According to the Grading Report, the grade takes into account the benefits that MCX will derive from amendments to the Forward Contracts (Regulation) Act, which will allow trading of options and indices, and participation by institutional investors, leading to increase in the traded turnover on commodity exchanges. The grade also draws support from MCX’s strong management team and its ability to attract talented and experienced personnel

While new commodity exchanges have been set up over the past couple of years, they have not been able to nudge MCX from the top. However, given the high profitability and cash-churning nature of the business, we expect competition to intensify in the future


Read Analysis of Financials and more in MCX IPO - Analysis - Part 2>>

MCX IPO - Indian IPO Blog Analysis - Part 2


Analysis of Financials of MCX IPO:
The Statement of Assets and Liabilities and Income and Expenses of the Company as per the RHP are as under:

Statement of Financial Position:


The company is building upon strongly on the Net Worth from around Rs.5000 mn in FY09 to around Rs.8500 mn in FY11. MCX holds long-term investments in other operational exchanges – MCX Stock Exchange Ltd (5% equity stake) and Dubai Gold and Commodities Exchange Ltd (5% equity stake). MCX also holds 634 mn warrants in MCX-SX, which carry no voting or dividend rights. The company therefore, has the option to generate more cash as and when it decides to liquidate these investments

Statement of Income:
 
MCX’s sources of operating income are
(a) Transaction fees,
(b) Membership admission fees,
(c) Annual subscription fees and
(d) Terminal charges

Transaction fee is the largest contributor to operating revenue. MCX’s operating revenue has grown at a CAGR of 32% over FY09-11, with much of the growth coming through transaction fees, which grew at a CAGR of 37% over the same period.

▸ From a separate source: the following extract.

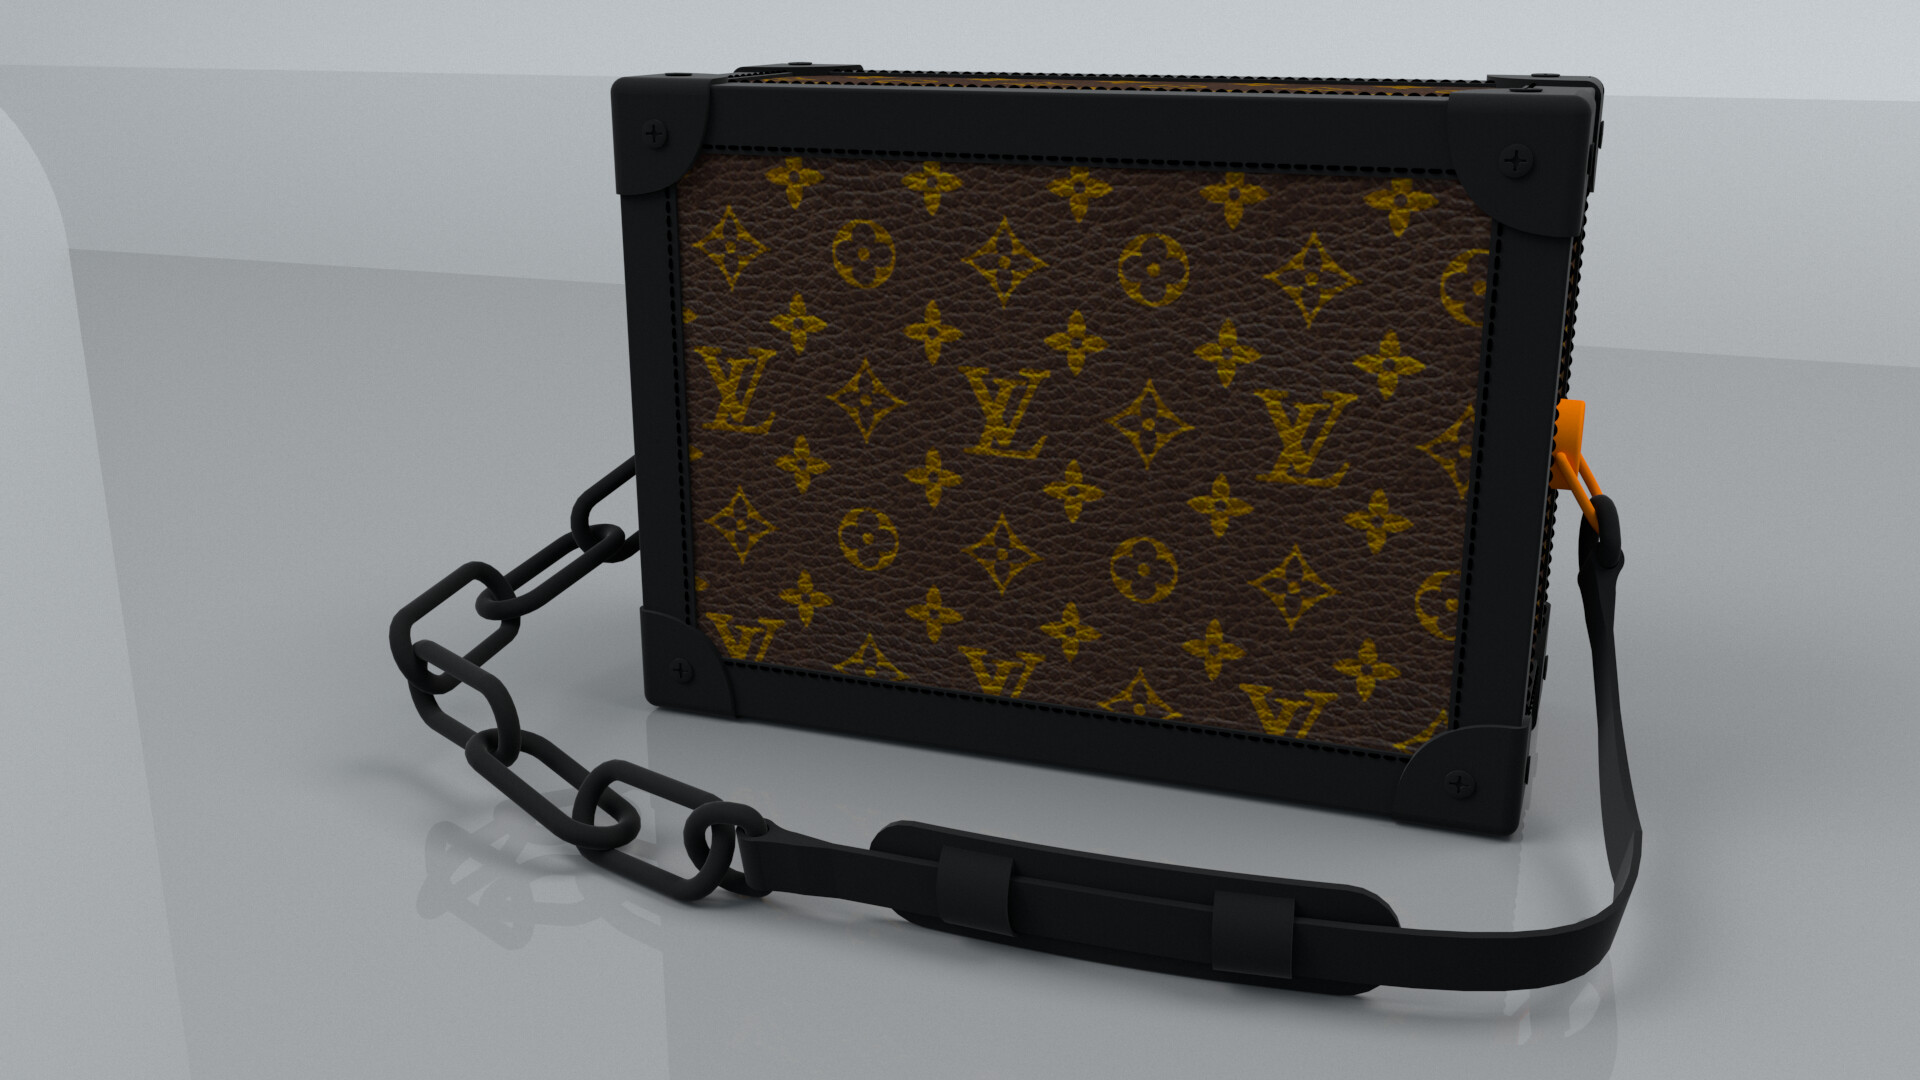 ArtStation - Louis Vuitton Soft Trunk LV bag
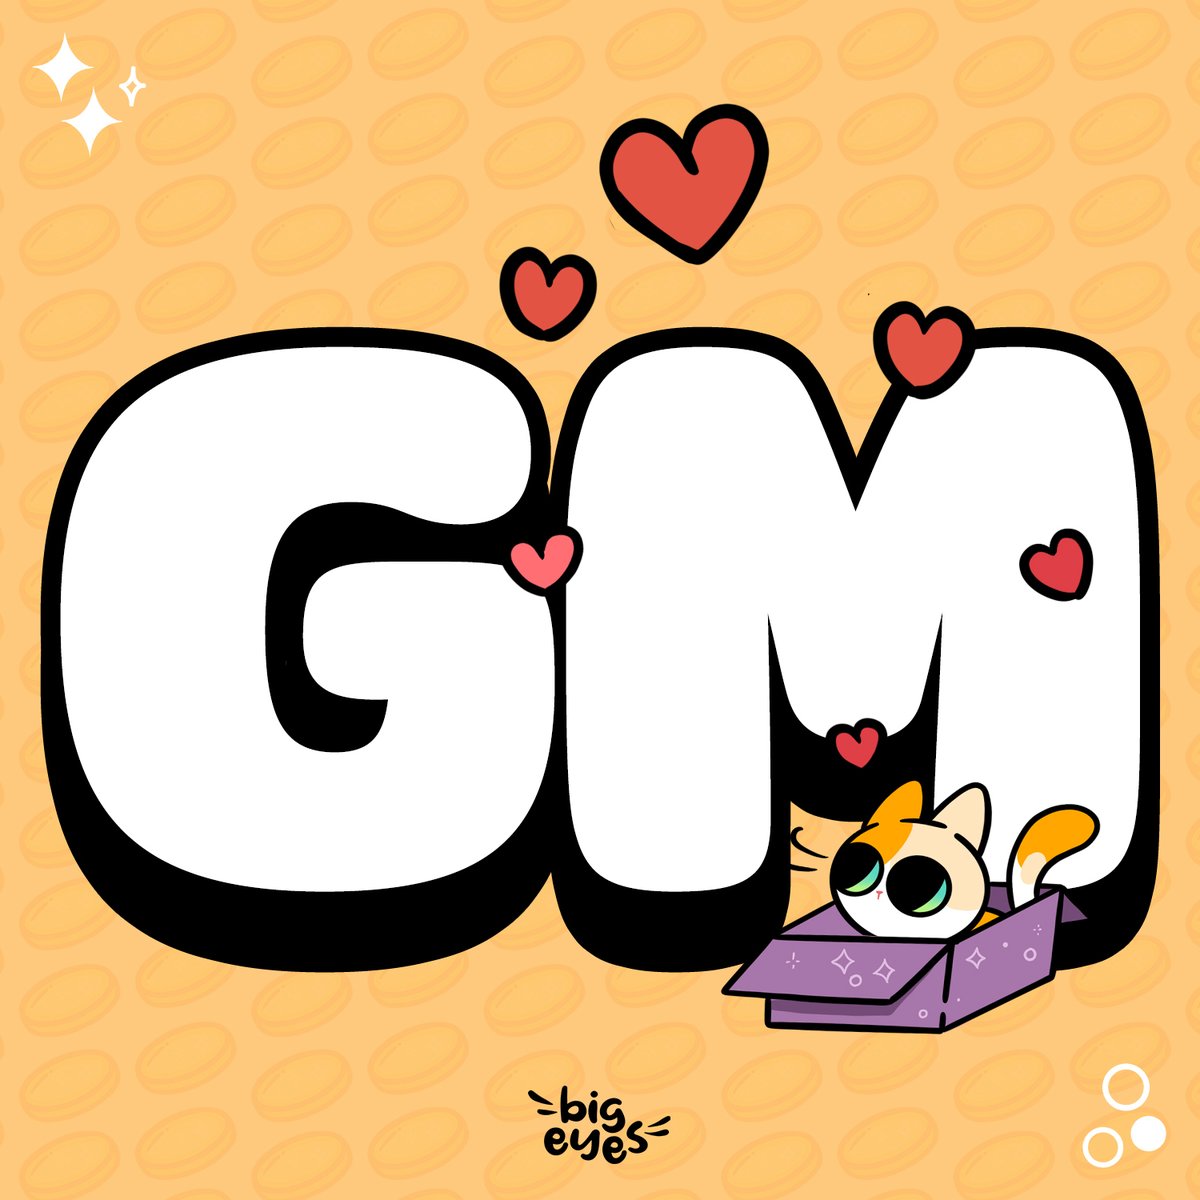 GM #CatCrew!😻

EBITDA margin improved to 60.4% in FY11 from 53.6% in FY09, on account of operating leverage. Also, adjusted PAT margin has improved from 35.5% in FY09 to 39.4% in FY11

The company also has an excellent business profile. MCX offers more than 40 commodities across various classes such as bullion, ferrous and non-ferrous metals, and a number of agri-commodities on its platform. Globally, MCX is the largest silver exchange; the second largest gold, copper and natural gas exchange; and the third largest crude oil exchange in terms of the number of contracts traded in each of these commodities

Taking into account the strong profile of the company backed by financial performance, the IPO is clearly worthy of a full blooded go.